Once trades settle, the simulator updates each agent’s portfolio (balances, PnL, and ROI) and captures feedback loops—for example, how aggressive early selling widens spreads and discourages further buys—thereby generating realistic phenomena like price impact and liquidity crises. At the end of a run, results are aggregated by cohort (e.g., early investors vs. public traders) to yield group-level insights—average PnL, trade counts, and portfolio values—providing a clean interface for downstream visualization, statistical analysis, and policy benchmarking.
Experimental tools
To ensure that our simulation results are robust and meaningful, we’ve integrated a Monte Carlo experimentation module and a flexible sensitivity analysis framework into our simulator. These tools allow us to account for randomness in trader behavior and to evaluate how different parameters—like investor allocations, trading noise, or slippage levels—affect market outcomes during token listings.
Monte Carlo simulations help us understand the range of possible outcomes by running the same experiment many times, each with a different random seed. In every run, the simulator initializes a fresh market environment and a new set of agents with randomized parameters. This allows us to observe not just one outcome, but a full distribution of price paths, trading volumes, and performance metrics. After many runs, we can compute meaningful statistics like average final prices, volatility, and group-level results such as average PnL across early investors or public traders.

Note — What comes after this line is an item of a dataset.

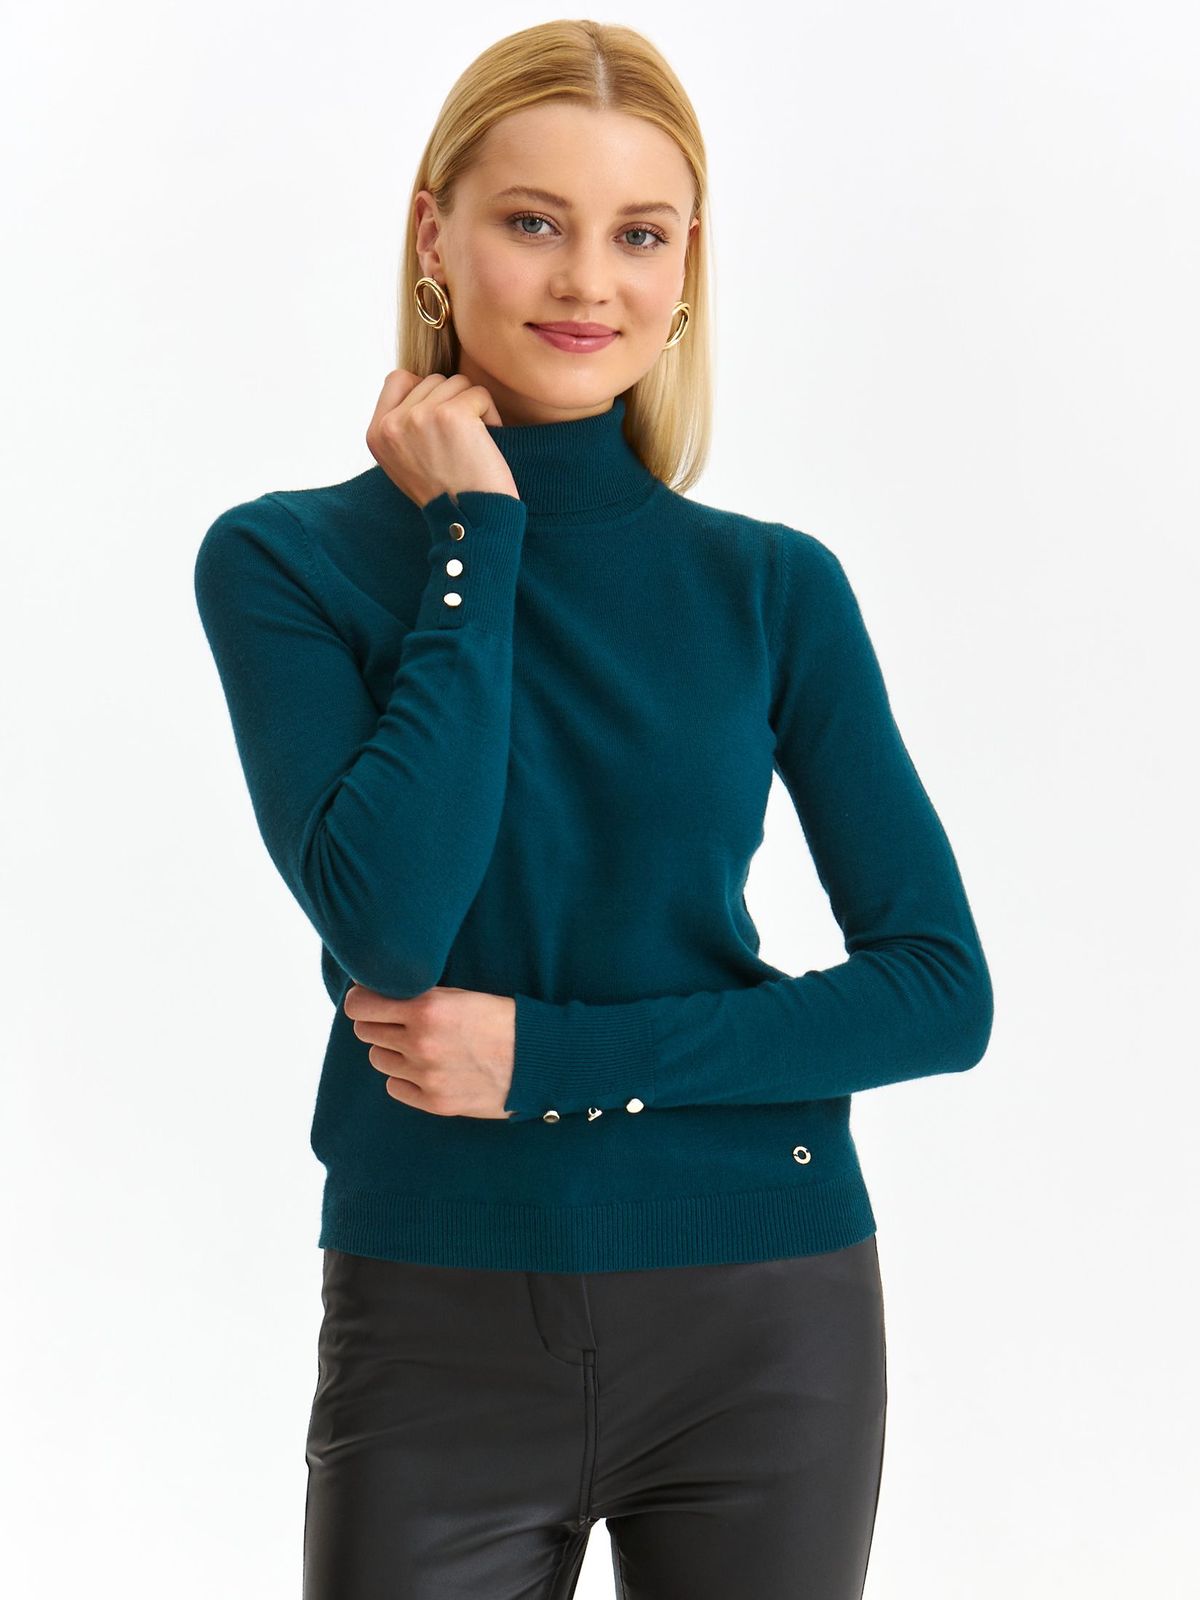 Green sweater knitted tented high collar

Complementing this, the sensitivity analysis module systematically varies key parameters to see how small changes influence larger outcomes. This is especially useful when tuning tokenomics or testing listing strategies. For example, we can study how reducing early investor allocations might impact price stability, or how increasing risk aversion shifts trading behavior. The tool can run either manual experiments with specific settings or automated grid searches that scan a wide range of possibilities, making it ideal for identifying nonlinear effects or critical thresholds.
Together, these tools make our simulation framework not only realistic but also diagnostic. They provide a structured way to explore how agent behavior and market structure interact, giving crypto projects and investors the ability to test hypotheses, benchmark strategies, and build more resilient launch plans for new token listings.
Empirical results
In this section, we present the empirical validation of our ABS framework through a structured series of simulation experiments that systematically vary key tokenomics and market parameters to observe their impact on post-listing price dynamics, volatility, and agent performance. Each experiment isolates a single factor—such as initial liquidity, public traders’ cash reserves, number of public traders, or risk preferences of early investors—and evaluates outcomes using both Monte Carlo experiments (to capture full distributions of price paths and trade metrics) and averaged sensitivity analyses (to identify mean‐behavior trends across parameter grids).

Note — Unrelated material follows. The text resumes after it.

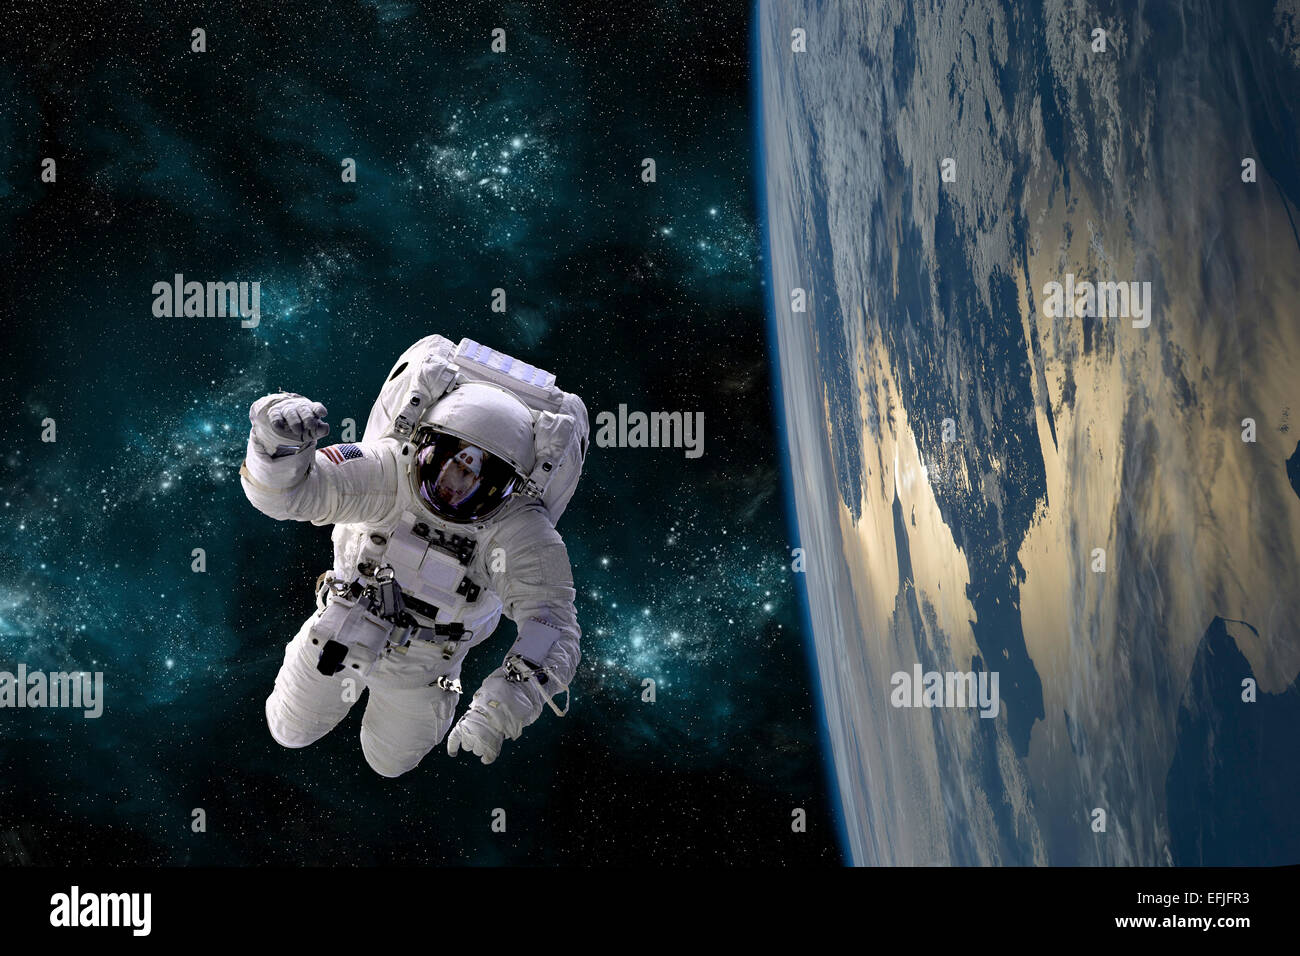 An artist's depiction of an astronaut floating in space while orbiting a large, Earth-like planet. Stock Photo

By focusing on a single AMM, we ensure consistent market mechanics while examining how variation in these four parameters shapes the initial price surge, sell-off corrections, and stabilization phase that characterize real token listings. The resulting insights quantify how token float, capital allocation, agent granularity, and behavioral risk profiles interact to drive order-flow imbalances, price impact, and liquidity resilience, offering actionable guidance for designing robust listing strategies.
Initial liquidity
The initial liquidity supplied to the AMM is a fundamental determinant of price stability and volatility during a token listing. We examine five scenarios where pool reserves span from $100 000 to $500 000, observing that low liquidity produces sharp price spikes and erratic corrections — small trades trigger large price swings under the constant-product invariant, resulting in widely dispersed mid-price paths across Monte Carlo experiments. As liquidity increases to moderate levels, these extremes are partially dampened, yielding more tempered surges and smoother declines. At high liquidity, price trajectories become remarkably stable, absorbing most order flow with minimal slippage, though this comes at the expense of slower price discovery and reduced participation by the agents. These results underscore that appropriately balancing initial liquidity is critical: insufficient depth invites volatility and market manipulation, while excessive provisioning can mask true valuation signals during the crucial price-discovery phase.

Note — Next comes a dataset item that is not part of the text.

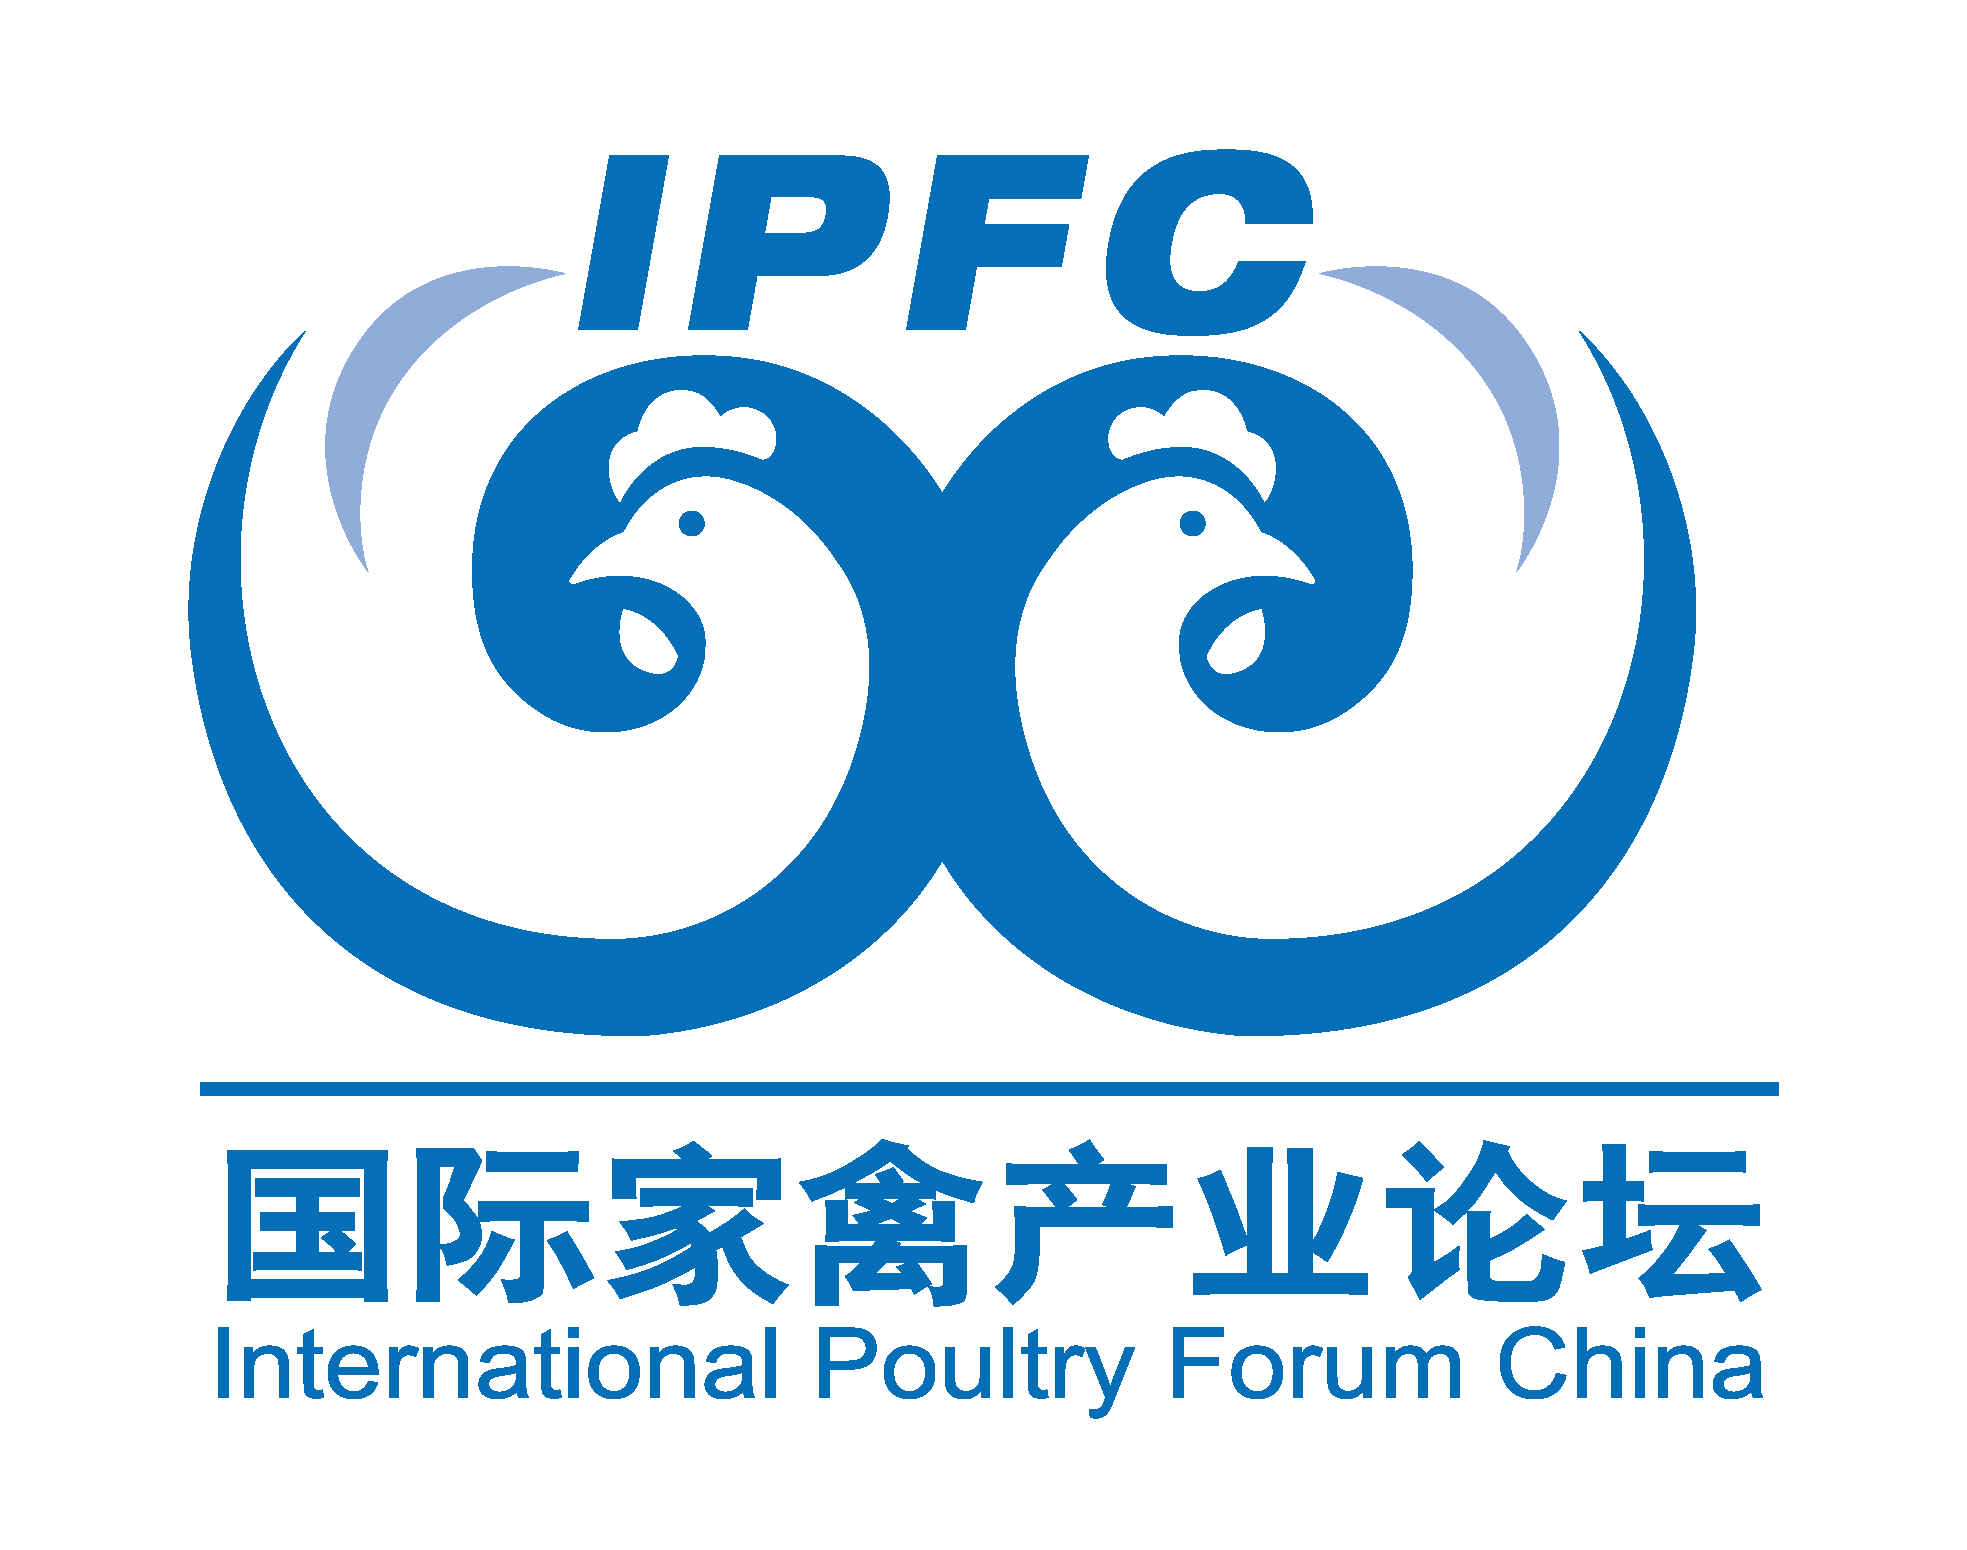 International Poultry Forum China

Figure 3. Monte Carlo Experiment Average Results for changing DEX initial liquidity value
Public Traders' Cash
The initial cash allocation to public traders is a critical lever in shaping price discovery during a token listing. In our experiments, we vary this from $200 000 to $1 600 000, observing that low funding levels (around $200 000–$400 000) leave public traders unable to absorb early sell pressure, resulting in price collapses and muted recoveries as trajectories often dip below the launch price. As the capital rises to intermediate levels (around $800 000), buy-side pressure intensifies, driving pronounced price surges followed by healthier corrections, though with wider dispersion across simulation paths. At excessively high allocations ($1.2 M–$1.6 M), the market enters a highly reactive state, where early demand can push prices to inflated peaks and elevated volatility, causing many runs to stabilize well above the initial price level, while others endure prolonged, sluggish corrections. These findings demonstrate that public trader capital is the main driver of demand during token listings. With the lowest amount of capital, there is not enough demand to overcome the supply driven by the early investors. With every increase in capital the resulting increase in demand causes larger initial price surges while also stabilizing at a higher level.
Figure 4. Monte Carlo Experiment Average Results for changing Public Traders' Total Cash
Number of Public Traders
We analyze how the size of the public trader cohort—ranging from 300 to 1 500 agents while holding total capital constant—shapes market smoothness and volatility during the listing. With only 300 traders, individual orders wield disproportionate influence, producing highly jagged price trajectories and significant path dependence. As the population grows to 500 and 700, these idiosyncratic shocks are progressively averaged out, yielding smoother mid-price curves and reduced dispersion. At 1 000 and 1 500 agents, simulations reveal tight clustering of price paths around the central trend, demonstrating the law of large numbers in action—more traders foster emergent macro-patterns, dampening noise without shifting the underlying mean trajectory. This result underscores the importance of having a large and diverse group of market participants for achieving reliable price discovery while minimizing volatility in both simulated and real markets.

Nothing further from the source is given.